After deadly street racing on I-64, experts warn of increase in fatal crashes

After deadly street racing on I-64, experts warn of increase in fatal crashes

HENRICO COUNTY, Va. -- Two drivers, who Virginia State Police say were street racing on Interstate 64, died after a high-speed, chain-reaction crash over the weekend.

Although VSP said reports of increased street racing activity are only anecdotal, safety groups said the overall trends point to more speed-related deaths on Virginia roadways recently.

On Saturday around 1 a.m., troopers responded to a wreck on I-64 West near the Airport Road exit. According to the preliminary investigation, up to four drivers were racing, when a Jaguar hit another vehicle not involved in the race. A Honda that was involved then collided with the Jaguar, causing it to overturn into the woods, VSP said.

A 45-year-old man driving the Jaguar and a 17-year-old driver of the Honda both died on the scene, investigators said.

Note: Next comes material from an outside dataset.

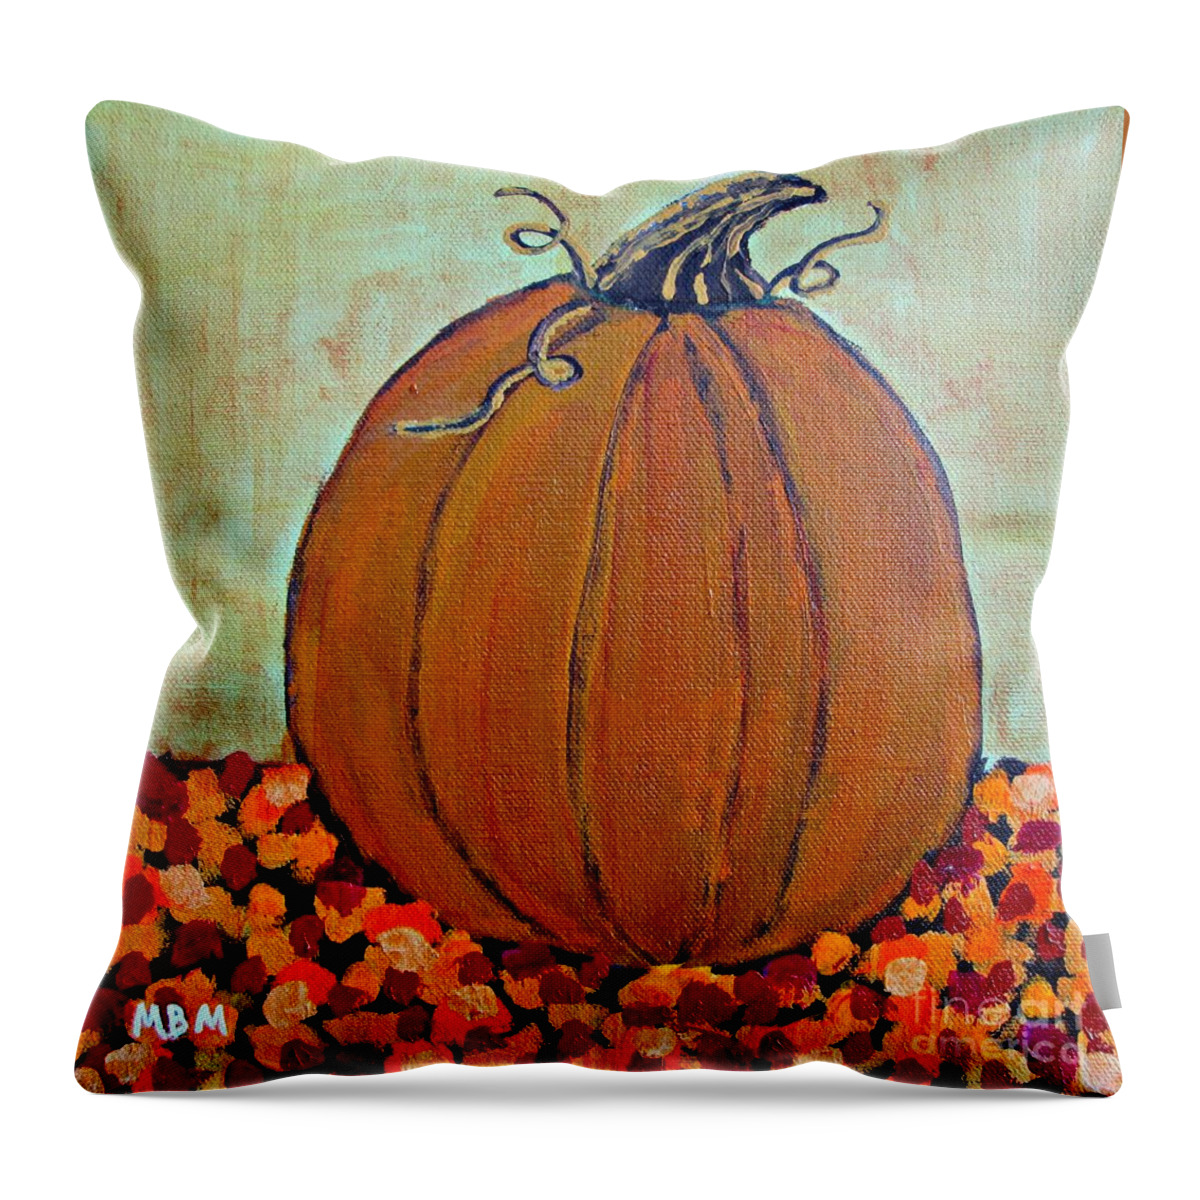 Pumpkin Throw Pillow featuring the painting Fall Pumpkin by Mary Mirabal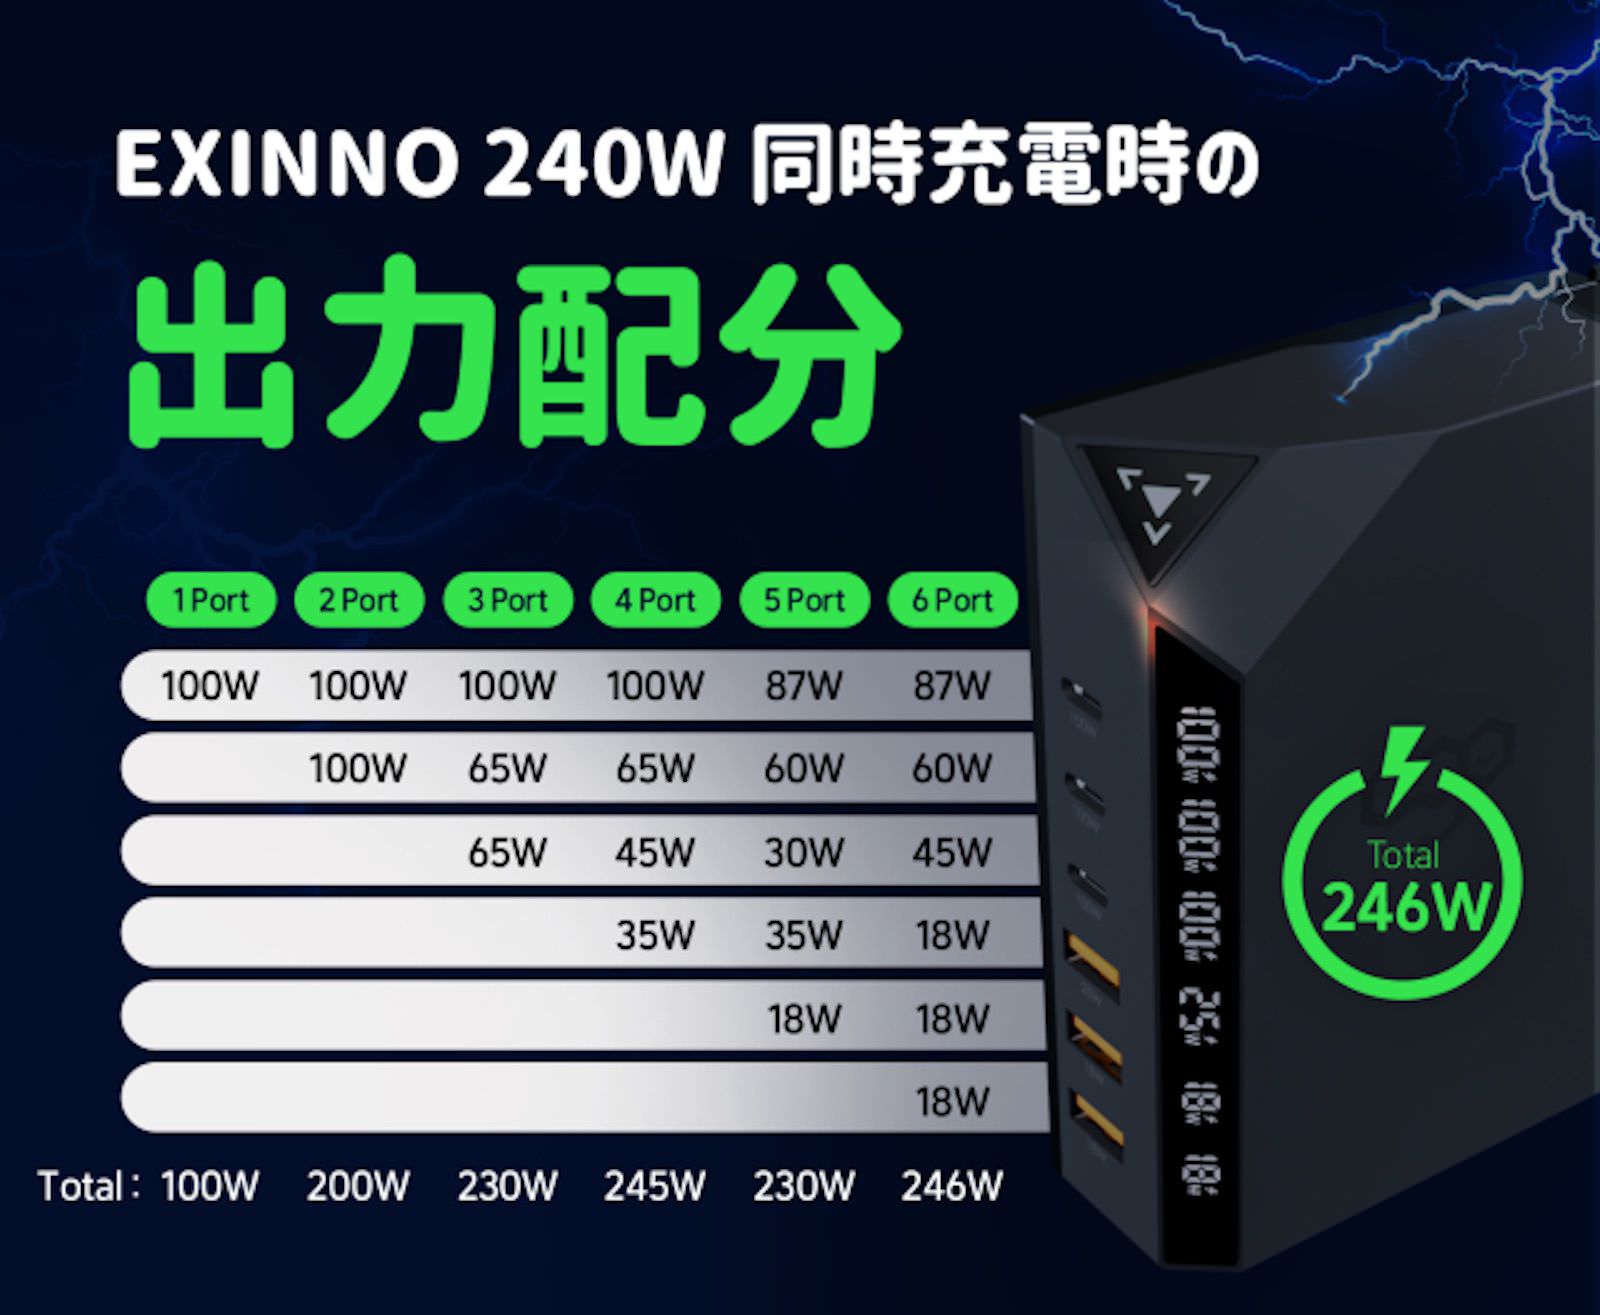 Exinno 240w output

VSP continues to seek information on the wreck, but a spokesperson said in a statement over the weekend the racing vehicles were driving at an “excessive rate of speed when the crash occurred.”

Last year, the AP reported that police agencies and government bodies were seeing an increase in street racing activity across the country. A VSP spokesperson said there has not been a detailed study of the issue in Virginia and that any reported increase here would be only anecdotal at this point.

Still, driver safety groups say the dangers of street racing to drivers are clear.

“Those cars aren’t built for that. You can ‘soup’ them up, add suspension, tweak them all you want, but they’re not race cars, and they never will be. And these are not roads you should race on,” said Rich Jacobs with Drive Smart Virginia.

Street racing or not, the number of fatal wrecks involving speed in Virginia has increased dramatically since 2019. Although overall speed-related wrecks went down in 2020 and 2021, the number of fatalities went up.

Per Virginia DMV data, in 2019, there were 24,739 speed-related crashes and 349 fatalities. In 2020, crashes decreased to 22,479, but the number of fatalities shot up to 406. A similar story in 2021, with 24,620 crashes with 445 speed-related fatalities.

The trend from 2019 to 2020 coincided with pandemic-related closures and fewer cars on Virginia roadways, Jacobs said. Overall road miles increased in 2021.

“We’ve had fewer crashes, but the crashes that we did see were statistically more violent, less survivable,” Jacobs said. “The energy of a collision doesn’t double when you double the speed; it quadruples; it increases exponentially. So, a traffic crash at 60 miles per hour is four times more violent than one at 30 miles per hour.”

So far in 2022, data show there have been 14,867 speed-related crashes in Virginia and 258 fatalities.

When encountering another driver on the roadway who is driving recklessly or aggressively, Jacobs said it is a good idea to safely keep your distance and try to not engage.

“A police officer once told people will do and say things, or you know gesture, and act toward other people on the road in a way they would never do if they cut them off at a line in the supermarket, where it’s face to face,” he said. “The best thing to do is remain calm, don’t make eye contact, don’t communicate with your hands, don’t flash any messages to the other driver. Just let them go on down the road because nothing is going to fix their stupidity.”

If the behavior of another driver is extremely egregious or dangerous, Jacobs said do not hesitate to call 9-1-1 and report the incident.